╭─ Available data

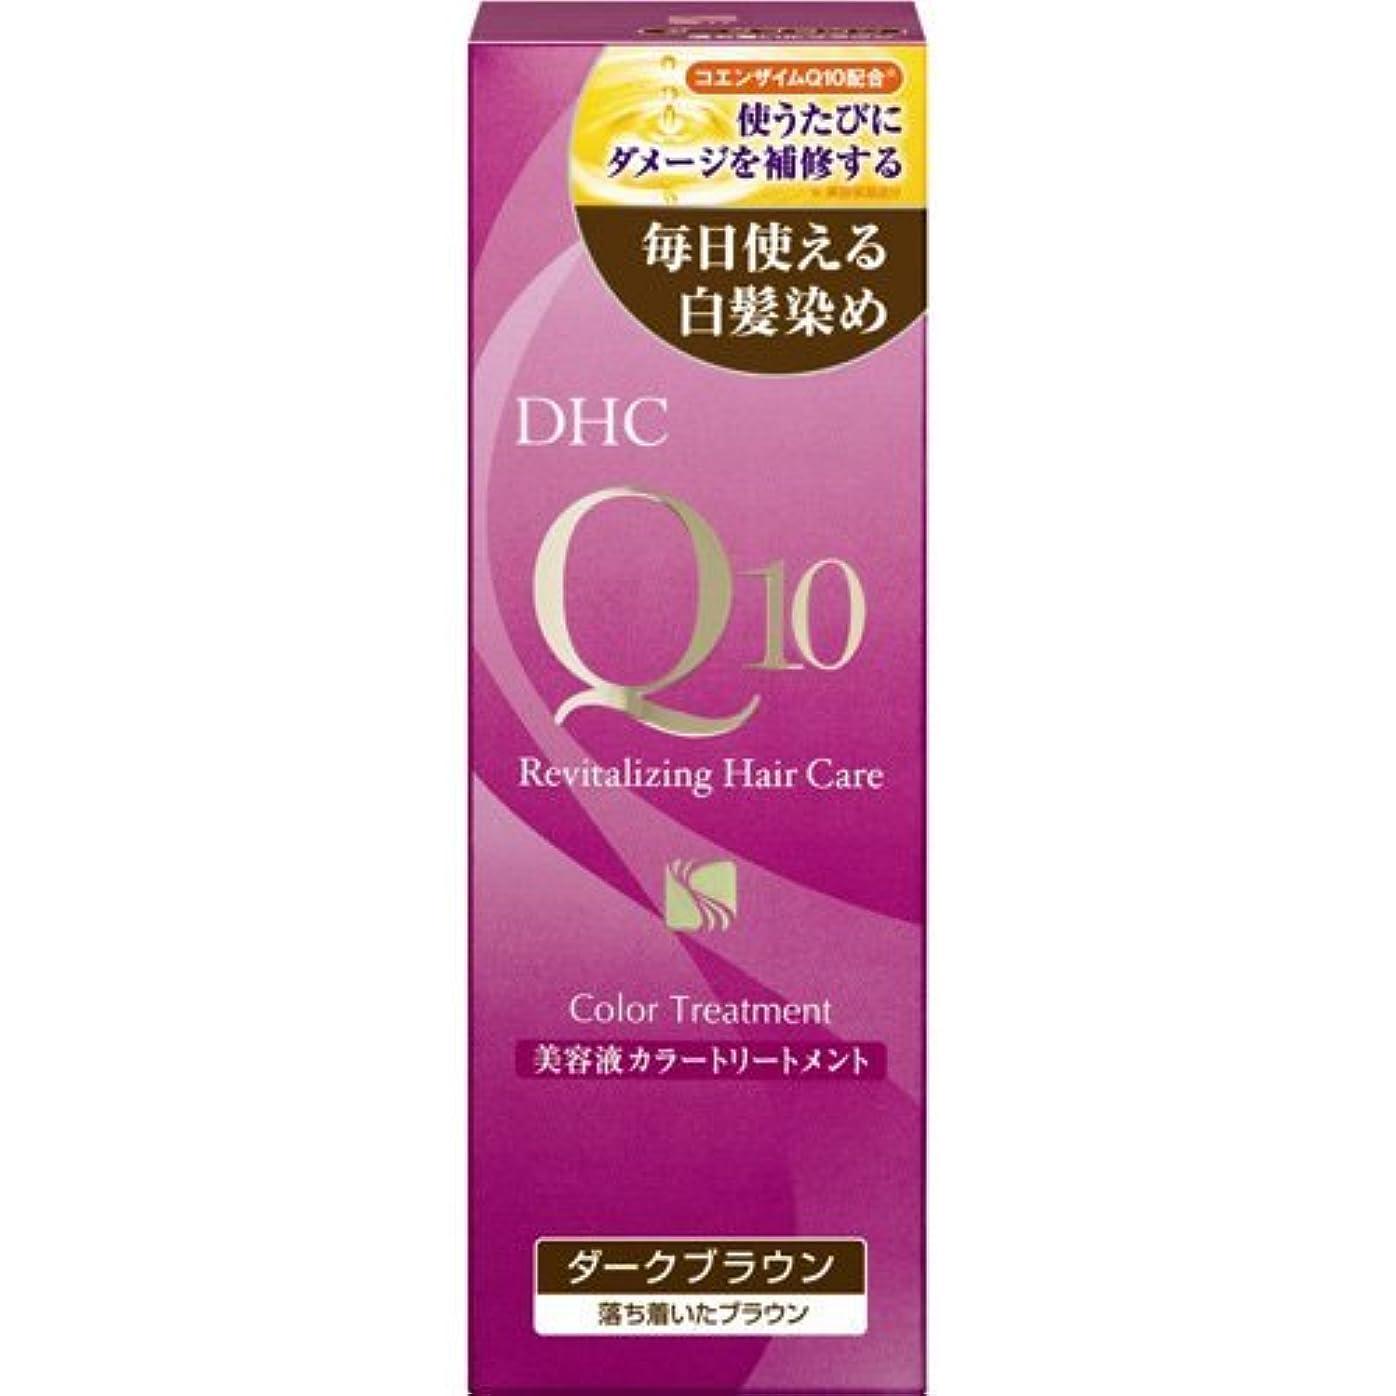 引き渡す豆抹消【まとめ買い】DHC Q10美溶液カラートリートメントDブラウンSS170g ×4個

╰─
╭─ Available data

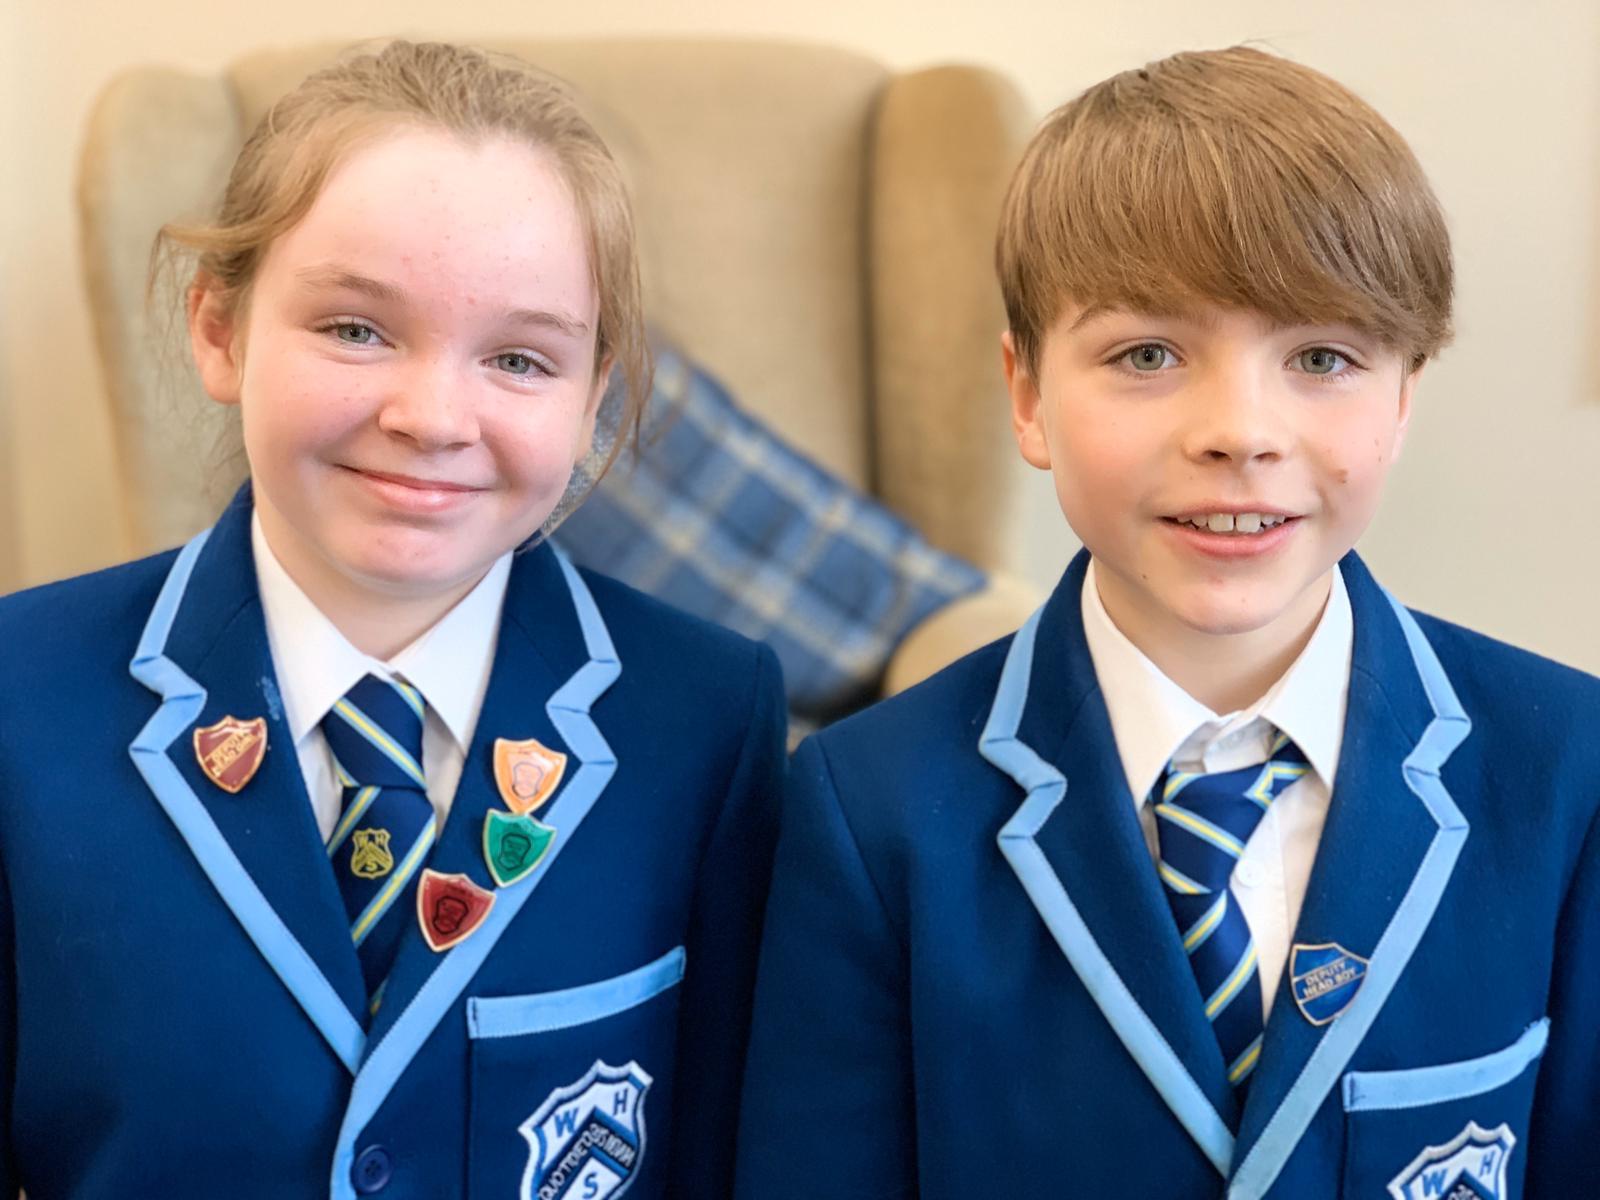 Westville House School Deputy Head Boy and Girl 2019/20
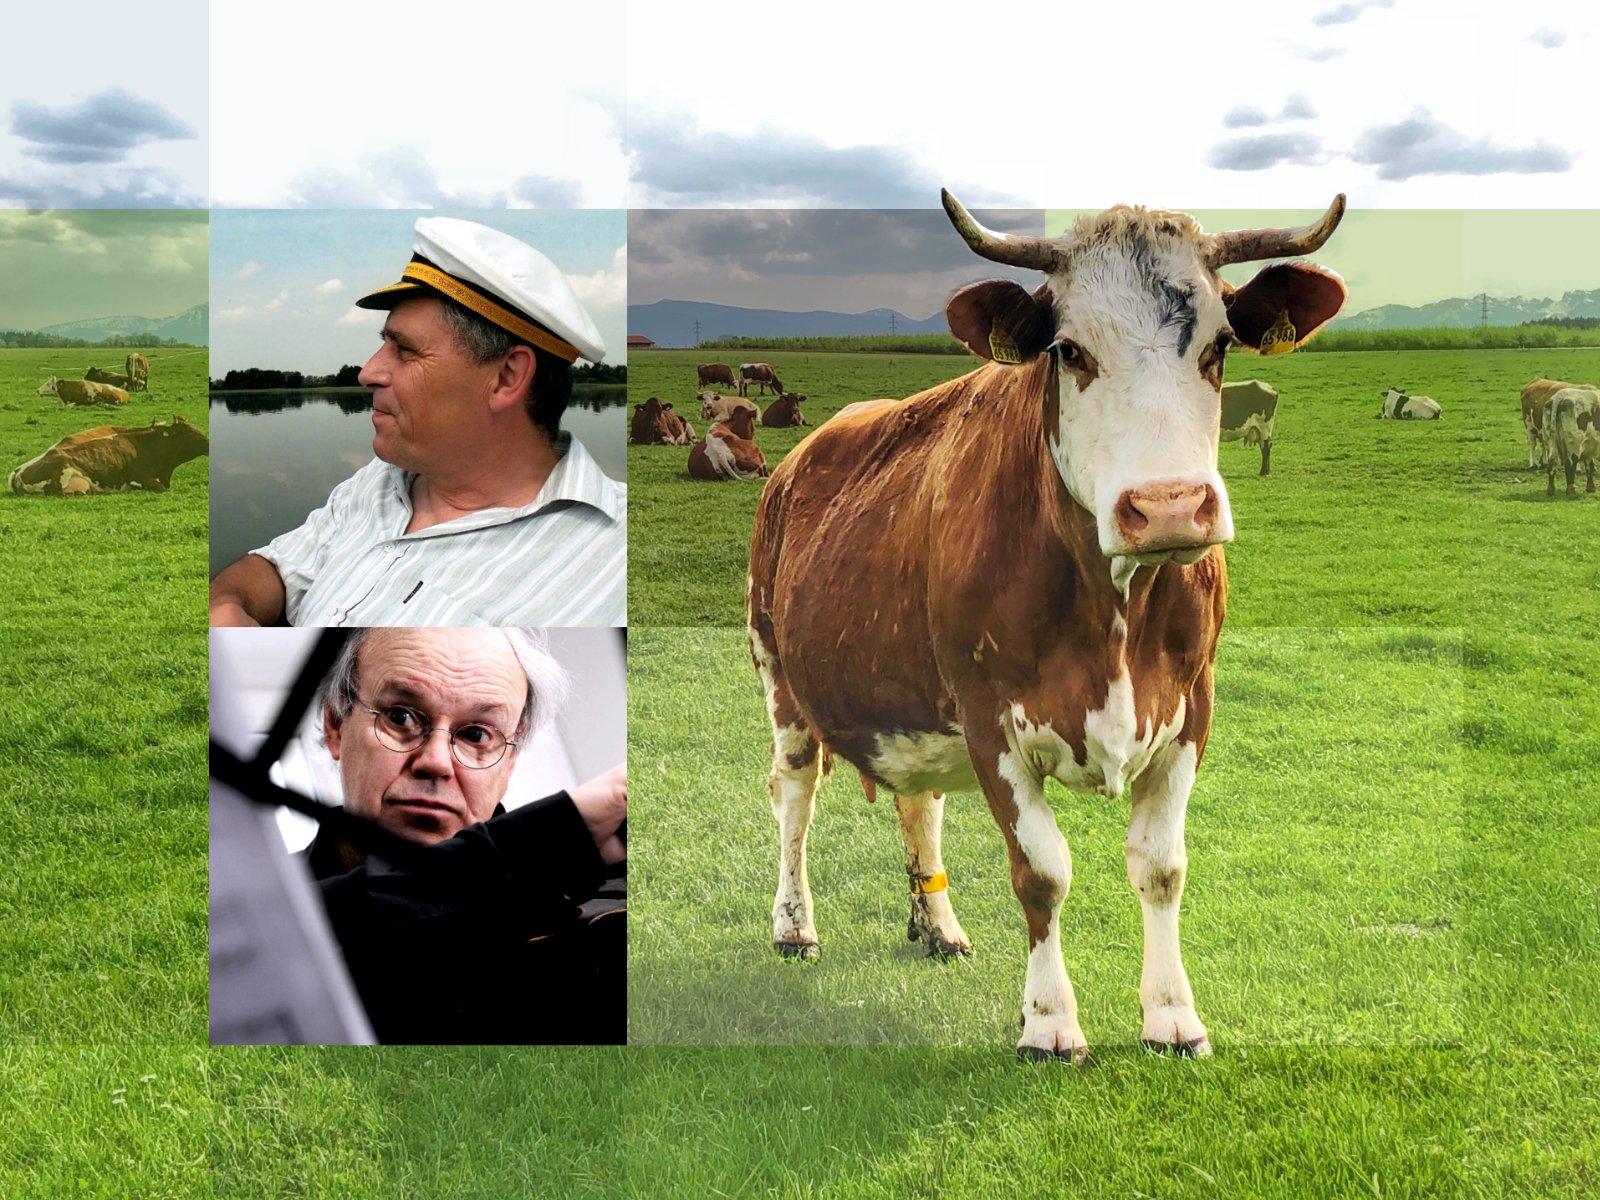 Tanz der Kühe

╰─
╭─ Available data

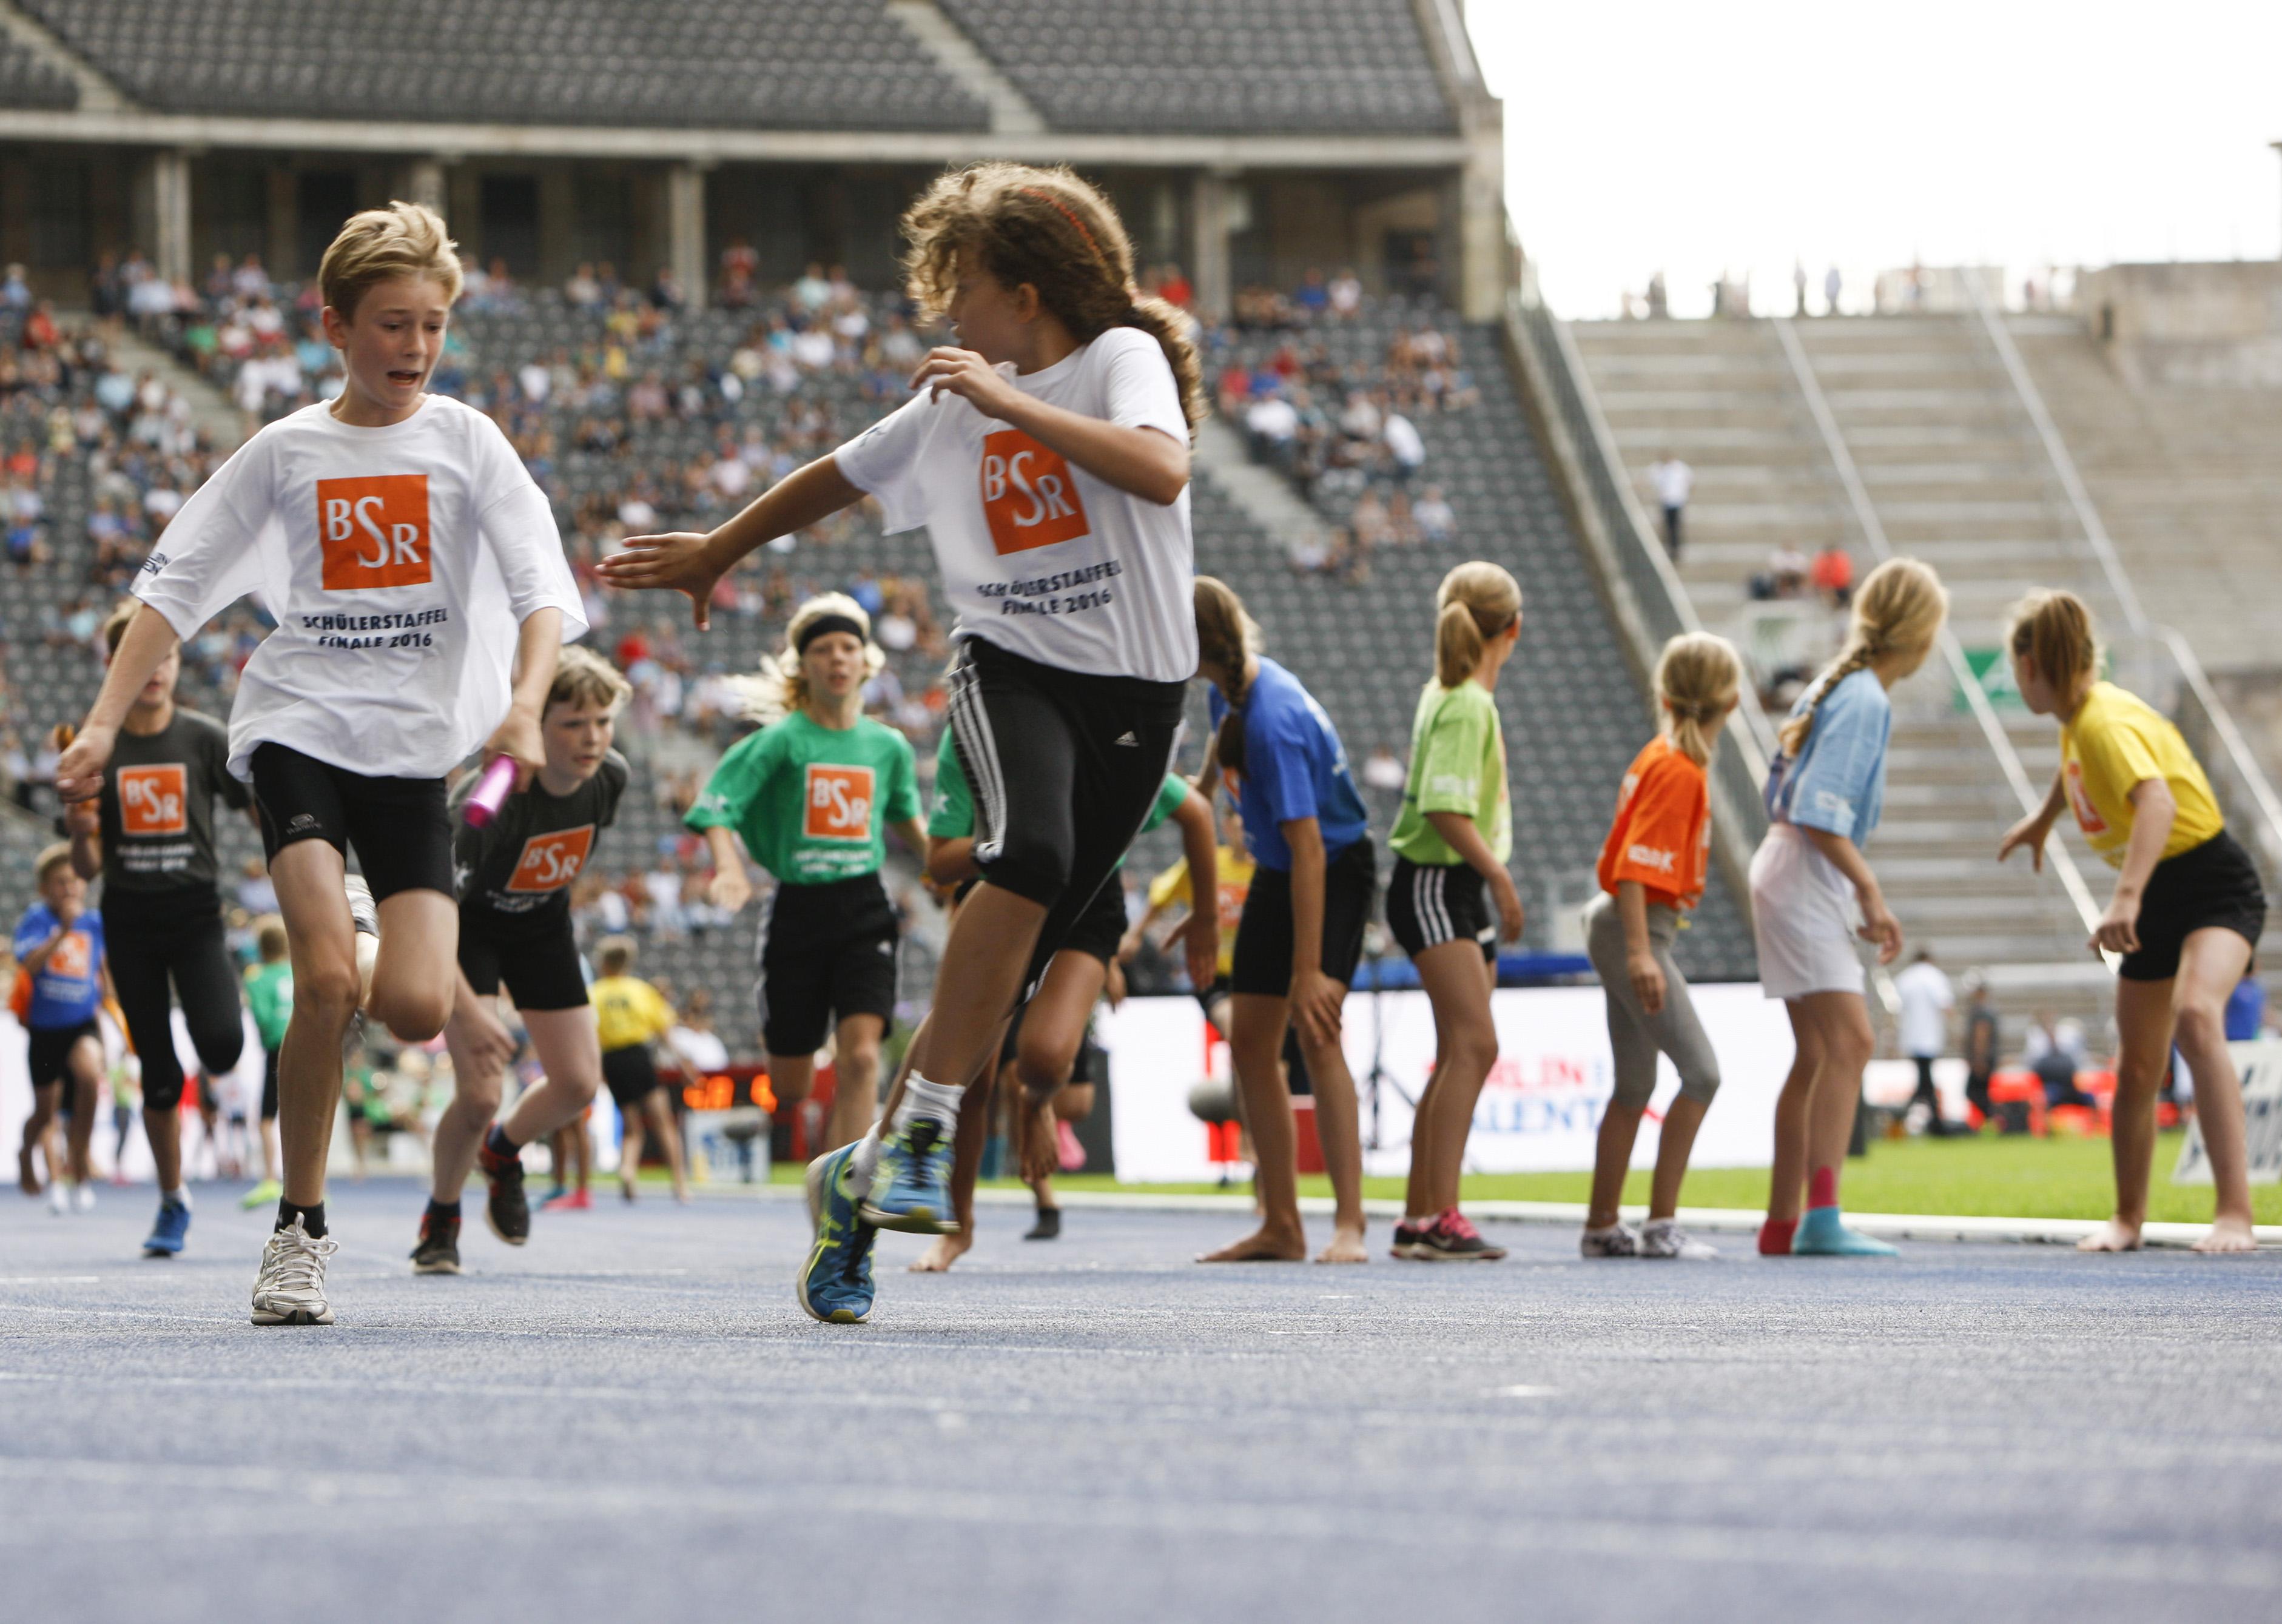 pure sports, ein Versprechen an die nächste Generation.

╰─

> Problem to solve
Look above for the line containing "Westville House School" and the line containing "Tanz der Kühe", then reproduce both and everything between them exactly, pictures omitted.

> Response for this exercise
 Westville House School Deputy Head Boy and Girl 2019/20
 Tanz der Kühe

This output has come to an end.